Вообразить себе аутентичный процесс клавесиностроения невозможно. Можно только гадать о невероятной прозрачности звука инструмента, созданного при свечах. Акустическое пространство, увы, чутко реагирует и на великие географические открытия, и на технические новшества, и на изменения в лингвистике. Клавесины строились в стороне от ведущихся споров о гелиоцентрической системе, в стороне от книгопечатания и Крестьянских войн, но эти и другие события не могли не оказать влияния на колебание звучащей струны, они как будто входили в ее состав. Чтобы представить себе ситуацию рождения клавесина, недостаточно будет заменить электрическую лампочку свечой, циркулярную пилу и механический рубанок - ручными и убрать чугунную раму, благодаря которой инструмент не требует частой настройки. Невесомое время осело на самом звуке, и никто не может поручиться за то, что тон камертона ля 415, по которому настраивают клавесины, имеет ту же частоту колебаний, что и во времена Баха.
Тем не менее строительство клавесина - одно из самых благородных дел на земле.

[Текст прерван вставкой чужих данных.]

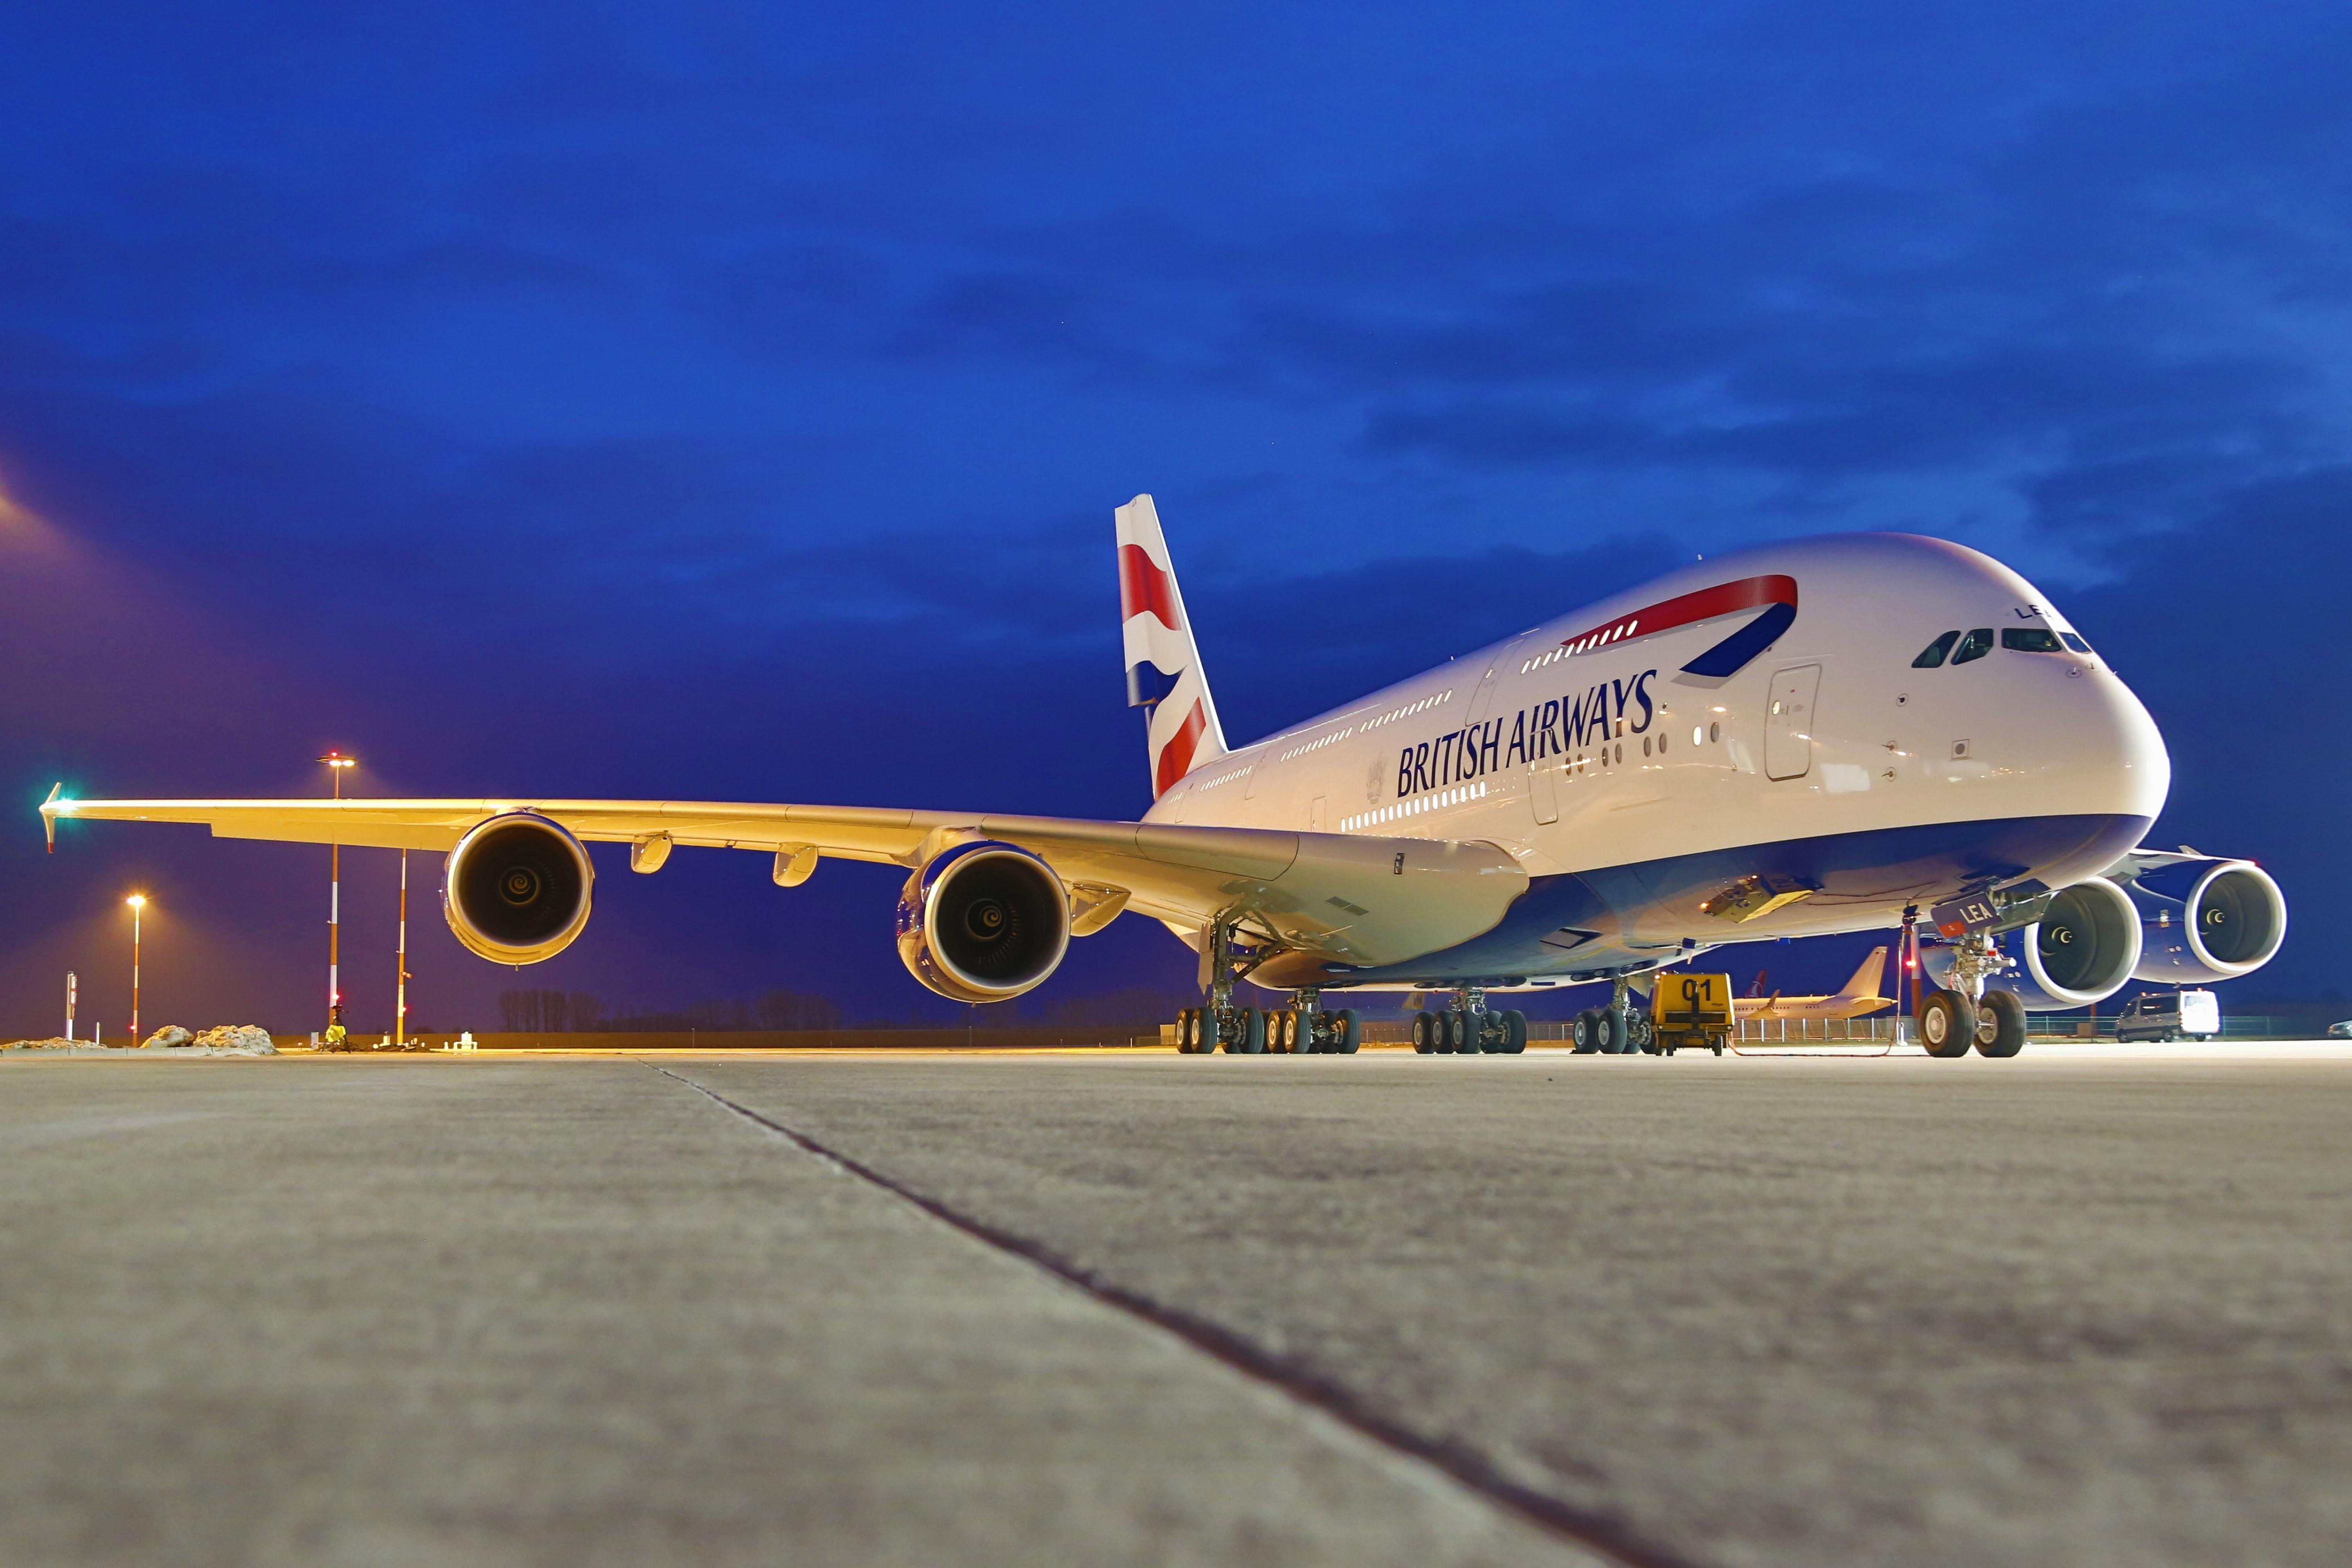 Страшная катастрофа в Великобритании: беспилотник врезался в самолет со 132 пассажирами на борту

Оно начинается со свалки, по которой бродит Ворлен вместе со своим юным другом Нилом...
Свалка - это листопад чудо-дерева, шагающий по ней человек заряжается романтической энергией образа, подымающегося как дух над общим метаязыком свалки, который находится в состоянии брожения и чем-то похож на эсперанто, на нем, того и гляди, скоро заговорят народы, переплетенные общей обложкой земной коры с названием "род человеческий", как у Эдварда Стейхена, приезжавшего в Москву с фотовыставкой, на которой побывал Нил, - по мысли, как отмечено было в каталоге, прогрессивной, гуманистической...
Не исключено, что именно на этой городской свалке распылены выброшенные когда-то матерью в мусор фотографии отца Нила - известного фотокорреспондента Валентина Карнаухова, прогрессивного тоже гуманиста, принимавшего участие в освещении поездки Никиты Сергеевича в Америку, обладателя синего квадратного жетона, дававшего право сопутствовать высокому гостю по всей стране и бесплатно пользоваться всеми видами транспорта. Остальные корреспонденты располагались на крышах небоскребов, взбирались на силосные башни, прятались во рву перед балконом Блэйр-хауза, где остановился коммунист номер один, слившись с травой, ожидали его появления на крыльце в утренней пижаме, чтобы поднести к его рту микрофон. За главой нашего государства могучей тенью шли атомный ледокол "Ленин" и ракета, оставившая наш вымпел на Луне, тогда как американский "Юпитер", призванный вывести на орбиту очередной спутник, не взлетел - в "Авангарде" не сработало зажигание. И все это шумное время ушло в слой коллоидного серебра вместе с канделябрами, веерами, пыточными орудиями...
Ворлен рыщет по свалке в рыжих болотных сапогах, с палкой в руках, на конце которой крюк.
Над свалкой, говорит он, витает замечательный музыкальный сюжет с не оперившейся еще формой, чудные модуляции переходят из дерева в дерево: из тополя - в корпус клавесина, из сосны и ели особого распила - в деку, из черного плотного дерева - в доску, в которую вставляют колки, из бука - в мосты и планки к деке, через которые будут протянуты струны, из груши, отшлифованной до зеркальности, - в прыгунки, из мягкой липы - в клавиши, из остролиста - в язычки. Ворлен подтаскивает к краю свалки старые дверные откосы и половые доски, щелкает по ним пальцами: "Сухость, Нил Валентинович, и выдержанность для хорошего дерева так же важны, как необходимы они для великого произведения искусства".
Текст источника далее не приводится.